Portanto, para achar a subordinante, busque a oração que pode ficar sozinha, que não chora por companhia. Ela é a que tem a voz mais alta, a que define o lugar de todas as outras.

Como distinguir uma oração coordenada de uma subordinada?

Nossa, tive que rever isso pro meu primo... que troço chato. A diferença é ate simples qdo vc para pra pensar. Uma é tipo independente, a outra é carente. É isso.

Orações coordenadas são independentes sintaticamente. Elas possuem sentido completo sozinhas. Orações subordinadas dependem sintaticamente da oração principal. Sem a principal, o sentido fica incompleto.

Tipo, "Eu fui à praia e mergulhei". Dá pra falar "Eu fui à praia". Ponto. Dá pra falar "Eu mergulhei". Ponto. As duas se viram sozinhas. São adultas. rsrs

Agora, se eu falo "Eu quero que você venha". A parte "que você venha" não quer dizer nada sozinha. Que você venha o quê?? Pra onde?? Precisa do "Eu quero" pra fazer sentido. É tipo um filhote que não sai de perto da mãe.
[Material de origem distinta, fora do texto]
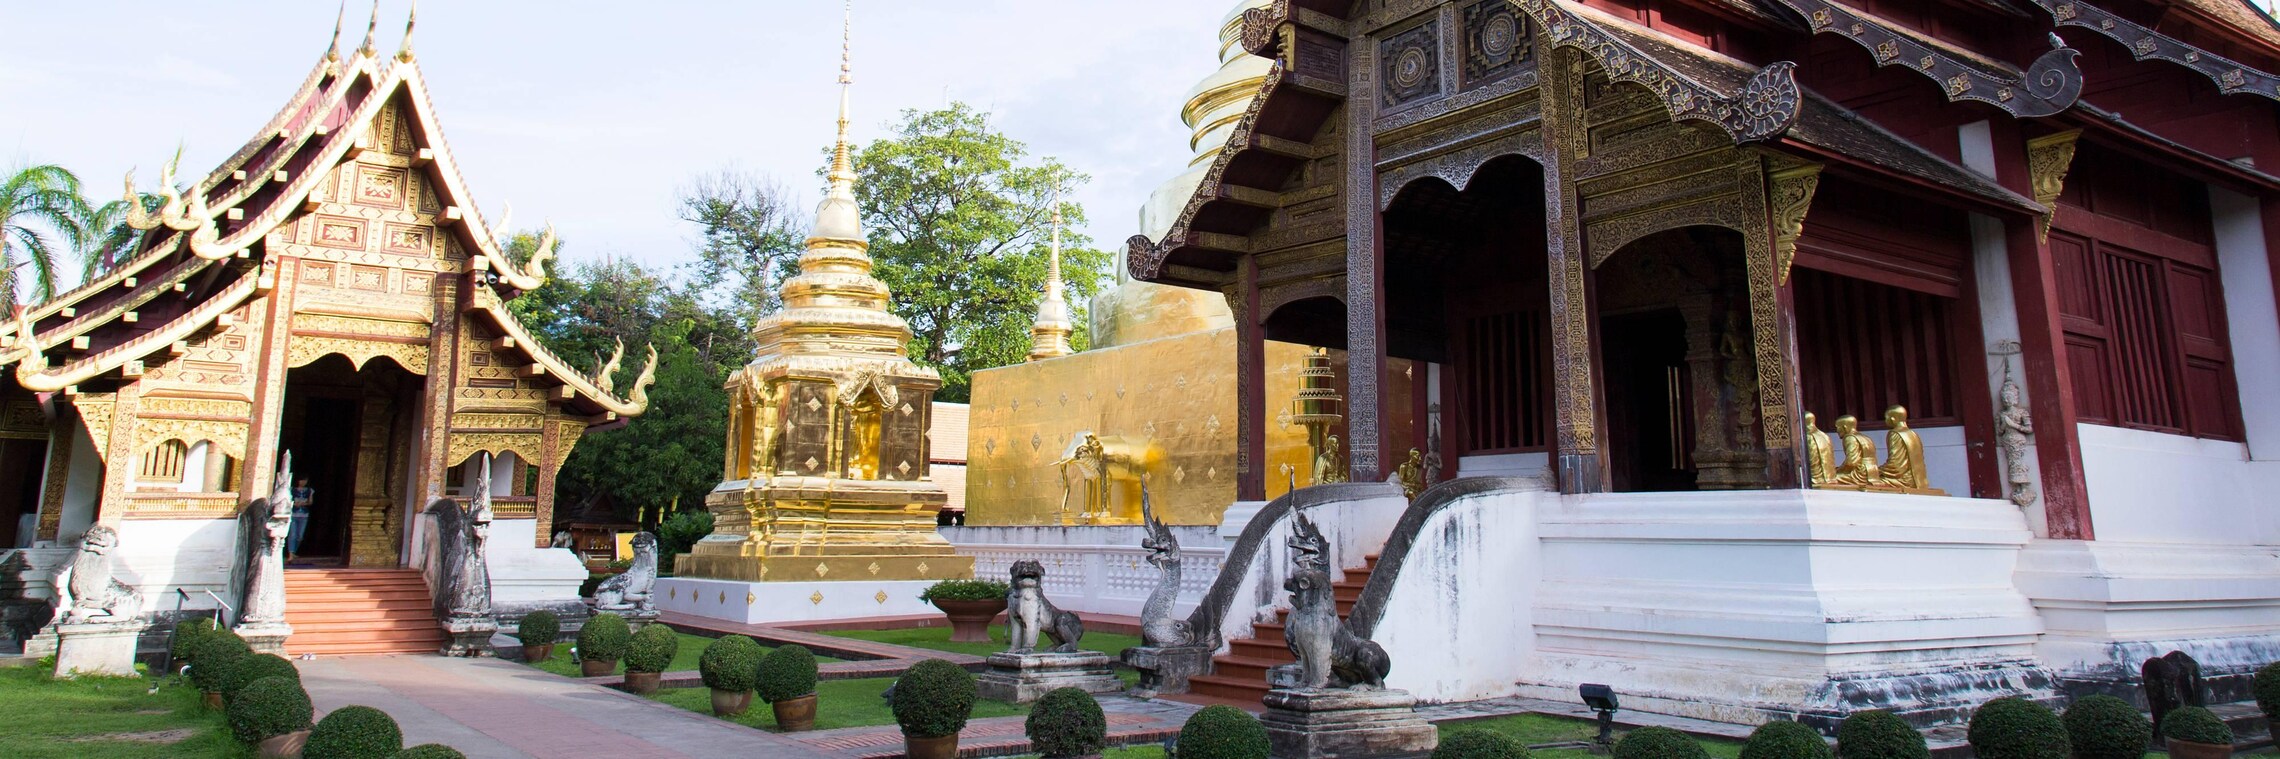 Phra Singh temple

Lembro da minha professora de português, a Dona Célia, batendo na lousa com a régua pra gente decorar as conjunções. Eu odiava... mas hj ate que vejo a lógica.

Uma lista básica pra não esquecer:

  • Coordenadas (as independentes, as amigas)

    • Elas se ligam por conjunções como: e, mas, porém, ou, logo, portanto, pois.
    • Ex: Corri muito, portanto fiquei cansado. As duas frases sobrevivem sozinhas.
  • Subordinadas (as dependentes, as carentes)

    • Geralmente começam com: que, se, quando, embora, porque, para que.
    • Ex: Diga se você vem. "Se você vem" fica boiando no ar sem a primeira parte.

Mas na real, quem fica pensando "hmmm essa é uma subordinada substantiva objetiva direta" enquanto escreve um email? Ninguém né. A gente só escreve. Pra que serve isso na vida real mesmo? Pra passar em concurso, só pode. Enfim, preciso terminar isso logo e ir no mercado. a lista ta enorme.